Self-Supervised Distillation Training

SWAV's 400_ep ResNet-50 model as Teacher architecture for a Student EfficientNet-b1 model with multi-view strategies. Place the pre-trained checkpoint in ./output directory. Remember to change the parameter name in the checkpoint as some module provided by SimCLR, MoCo-V2 and SWAV are inconsistent with regular PyTorch implementations. Here we provide the pre-trained SWAV/MoCo-V2/SimCLR Pre-trained checkpoints, but all credits belong to them.

Teacher Arch.	SSL Method	Teacher SSL-epochs	Link
ResNet-50	MoCo-V1	200	URL
ResNet-50	SimCLR	200	URL
ResNet-50	MoCo-V2	200	URL
ResNet-50	MoCo-V2	800	URL
ResNet-50	SWAV	800	URL
ResNet-101	MoCo-V2	200	URL
ResNet-152	MoCo-V2	200	URL
ResNet-152	MoCo-V2	800	URL
ResNet-50X2	SWAV	400	URL
ResNet-50X4	SWAV	400	URL
ResNet-50X5	SWAV	400	URL

To conduct the training one GPU on single Node using Distributed Training:

python -m torch.distributed.launch --nproc_per_node=1 main_small-patch.py \
       -a efficientnet_b1 \
       -k resnet50 \
       --teacher_ssl swav \
       --distill ./output/swav_400ep_pretrain.pth.tar \
       --lr 0.03 \
       --batch-size 16 \
       --temp 0.2 \
       --workers 4 
       --output ./output \
       --data [your TSV imagenet-folder with train folders]

Conduct linear evaluations on ImageNet-val split:

python -m torch.distributed.launch --nproc_per_node=1  main_lincls.py \
       -a efficientnet_b0 \
       --lr 30 \
       --batch-size 32 \
       --output ./output \ 
       [your TSV imagenet-folder with val folders]

Checkpoints by SEED

Here we provide some pre-trained checkpoints after distillation by SEED. Note: the 800 epcohs one are trained with small-view strategies and have better performances.

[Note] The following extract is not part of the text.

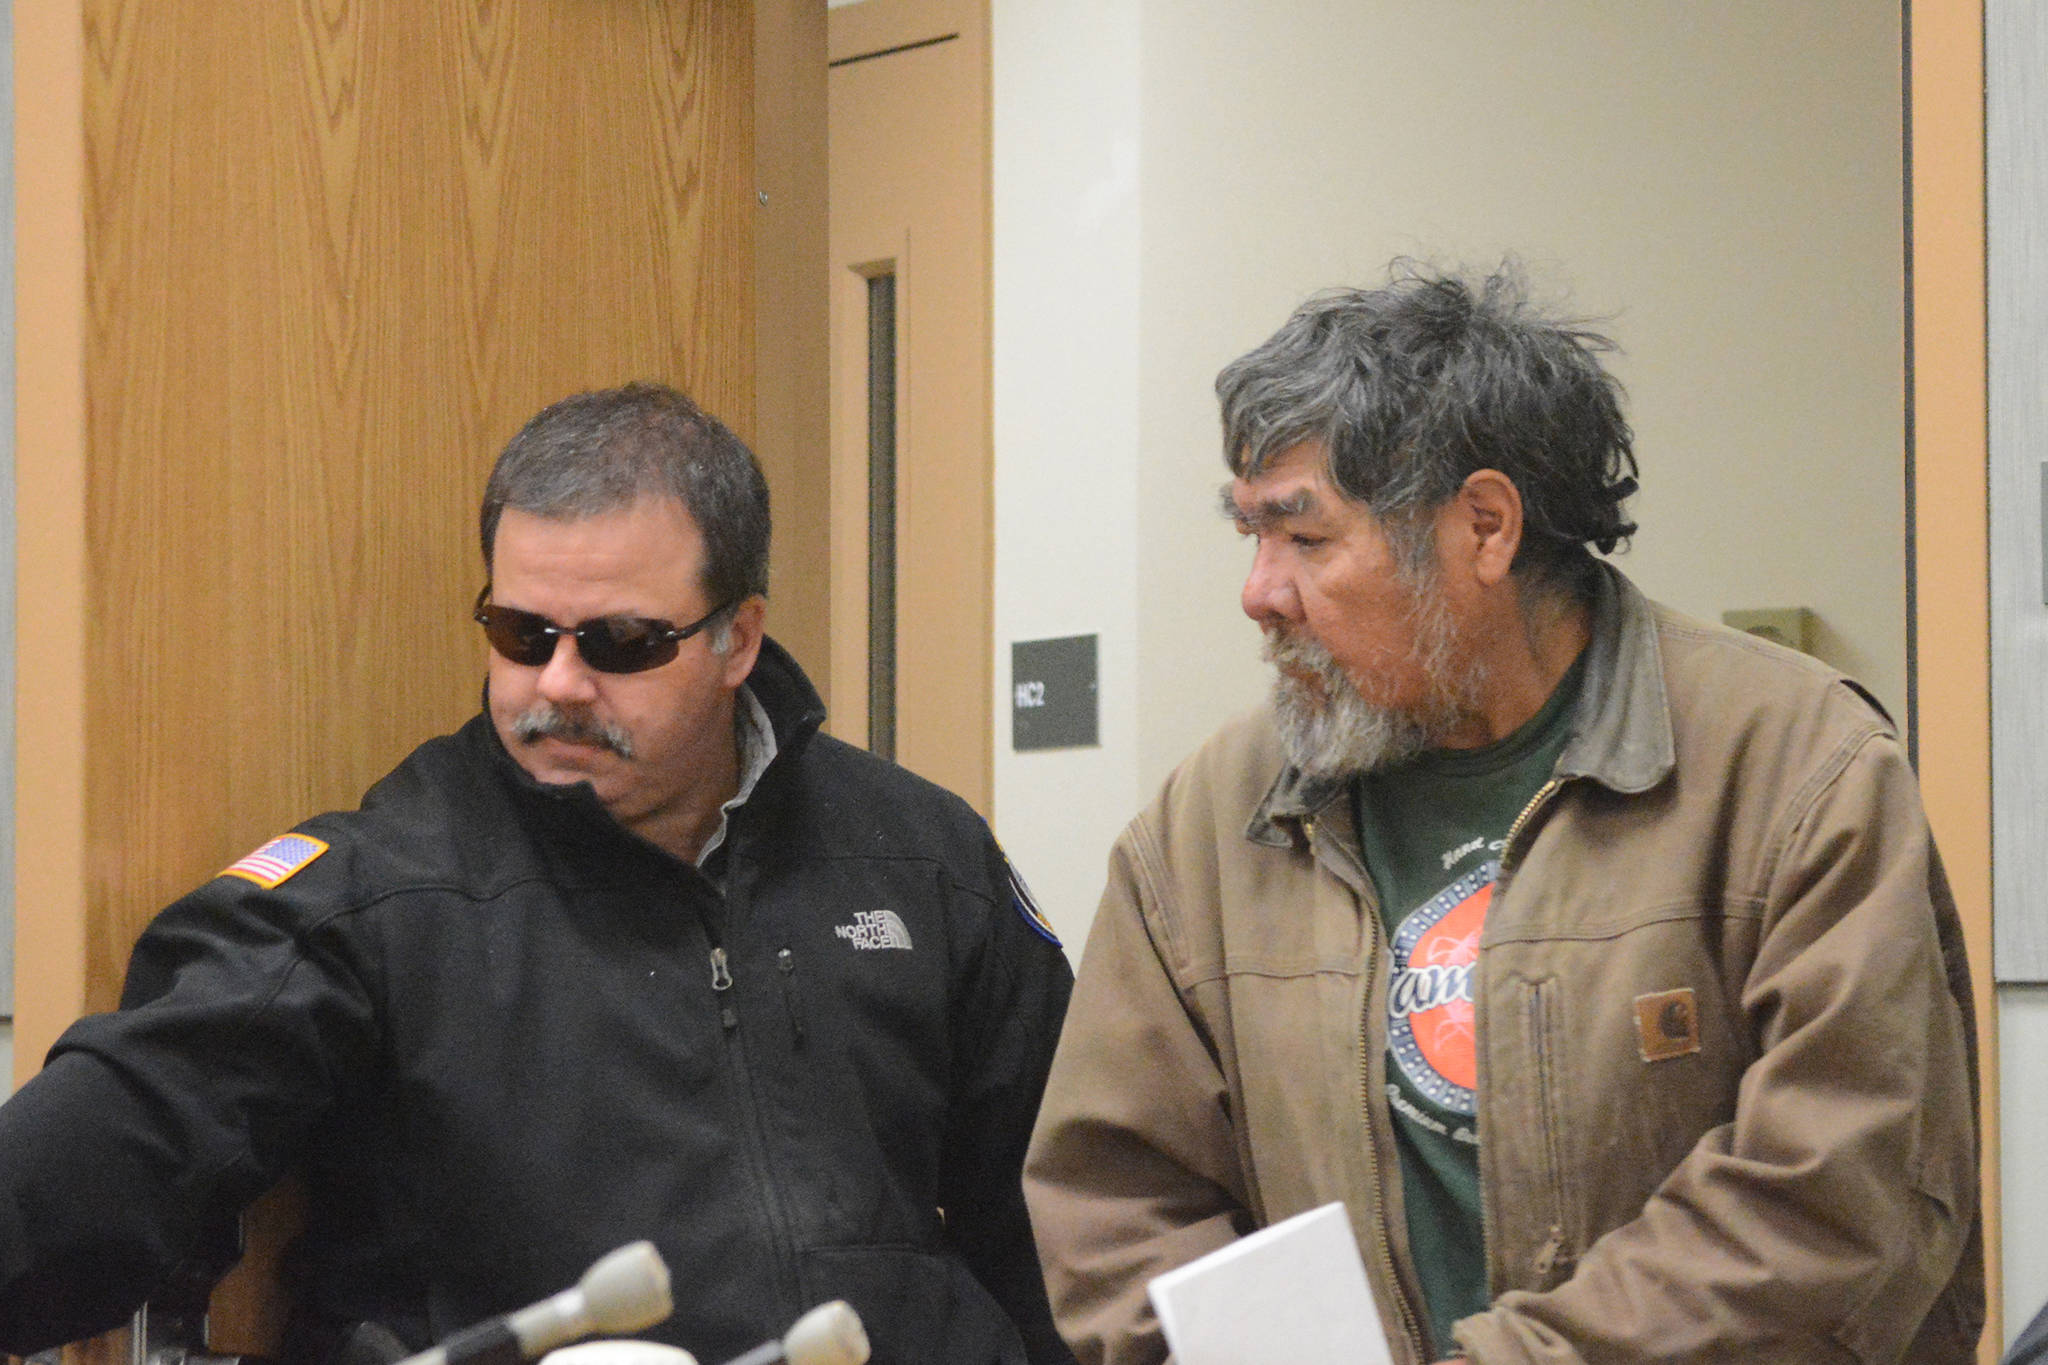 Homer Police Community Jail Officer Rick Pitta brings Lee John Henry into the Homer Courtroom for his arraignment on Monday, Oct. 17, 2016, in Homer, Alaska. Henry was charged with first-degree murder in the July 2013 death of Mark Matthew in Homer. (Photo by Michael Armstrong/Homer News)
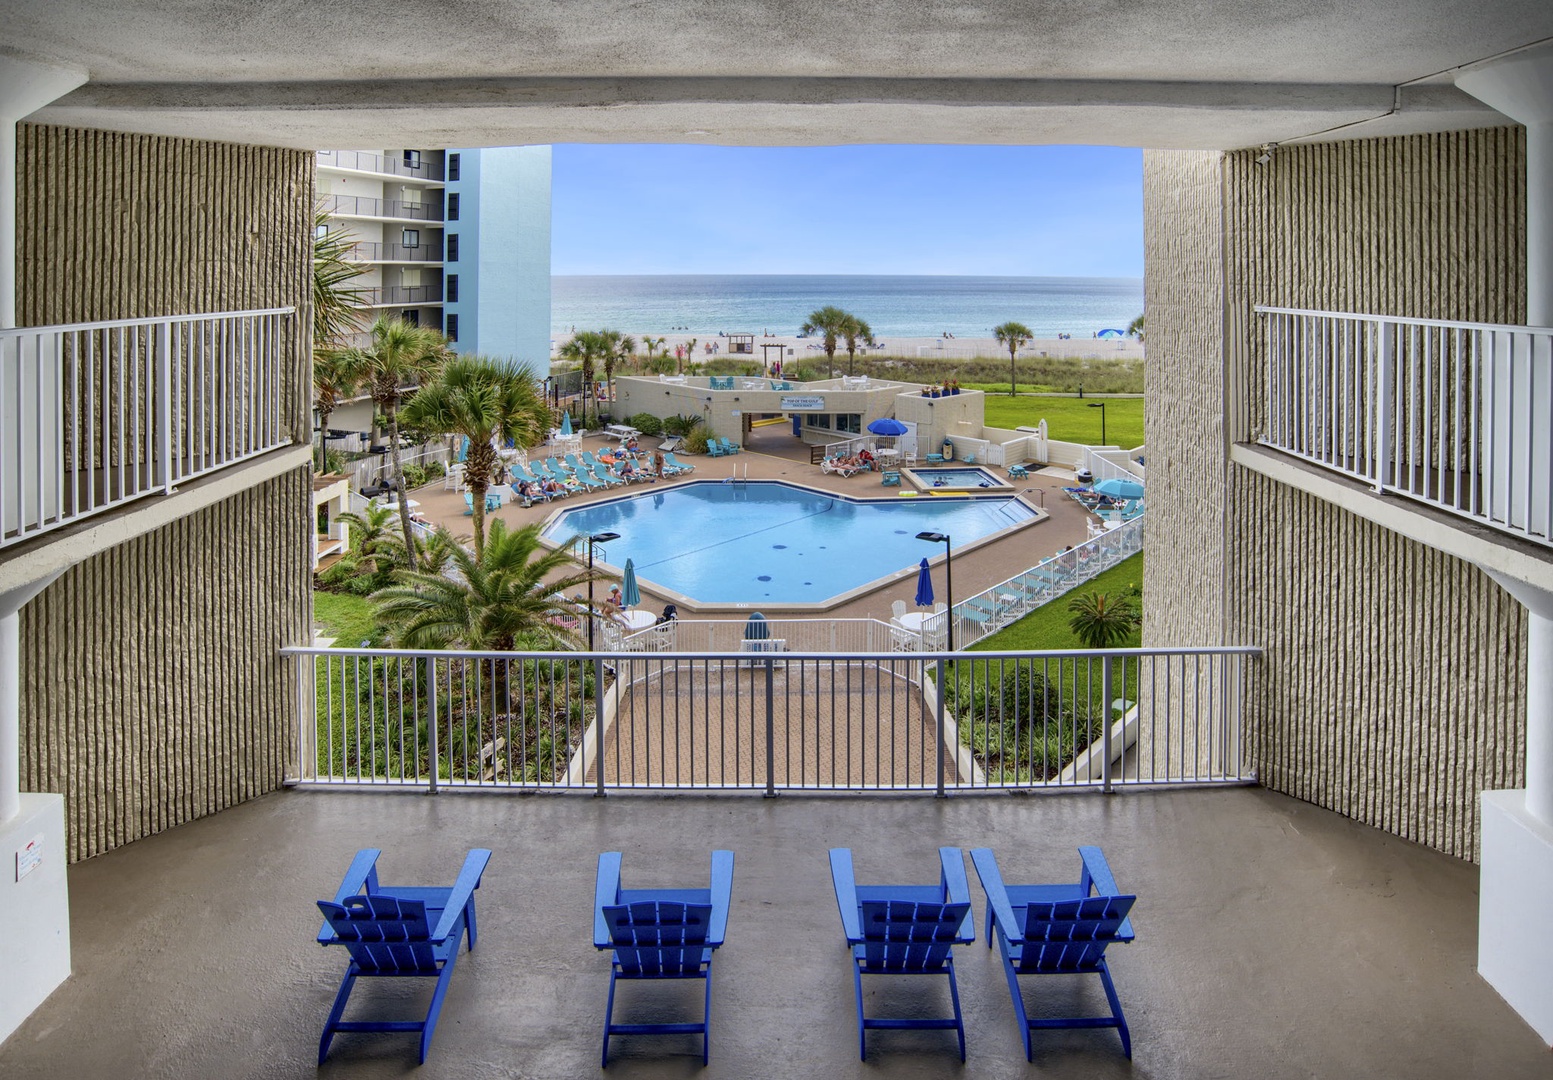 Lounge the day away or make a splash at the sparkling community pool

Student-Arch.	Teacher-Arch.	Teacher SSL	Student SEED-epochs	Link
ResNet-18	ResNet-50	MoCo-V2	200	URL
ResNet-18	ResNet-50W2	SWAV	400	URL
MobileV3-Large	ResNet-50	MoCo-V2	200	URL
EfficientNet-B0	ResNet-50W4	SWAV	400	URL
EfficientNet-B0	ResNet-50W2	SWAV	800	URL
EfficientNet-B1	ResNet-50	SWAV	200	URL
EfficientNet-B1	ResNet-152	SWAV	200	URL
ResNet-50	ResNet-50W4	SWAV	400	URL

Glance of the Performances

ImageNet-1k test accuracy (%) using KNN and linear classification for multiple students and MoCov2 pre-trained deeper teacher architectures. ✗ denotes MoCo-V2 self-supervised learning baselines before distillation. * indicates using a deeper teacher encoder pre-trained by SWAV, where additional small-patches are also utilized during distillation and trained for 800 epochs. K denotes Top-1 accuracy using KNN. T-1 and T-5 denote Top-1 and Top-5 accuracy using linear evaluation. First column shows Top-1 Acc. of Teacher network. First row shows the supervised performances of student networks.

Acknowledge

This implementation is largely originated from: MoCo-V2. Thanks SWAV and SimCLR for the pre-trained SSL checkpoints.

This work is done jointly with ASU-APG lab and Microsoft Azure-Florence Group. Thanks my collaborators.

License

SEED is released under the MIT license.

Implementations for the ICLR-2021 paper: SEED: Self-supervised Distillation For Visual Representation.

Related tags

Overview

SEED

Introduction

Preperation

Self-Supervised Distillation Training

Checkpoints by SEED

Glance of the Performances

Acknowledge

License

Owner

Jacob

Implementation of 🦩 Flamingo, state-of-the-art few-shot visual question answering attention net out of Deepmind, in Pytorch

Sequence-to-Sequence learning using PyTorch

Facial expression detector

Code for ACM MM 2020 paper "NOH-NMS: Improving Pedestrian Detection by Nearby Objects Hallucination"

A general-purpose programming language, focused on simplicity, safety and stability.

PyTorch implementation of deep GRAph Contrastive rEpresentation learning (GRACE).

Self Governing Neural Networks (SGNN): the Projection Layer

Implementation of Vaswani, Ashish, et al. "Attention is all you need."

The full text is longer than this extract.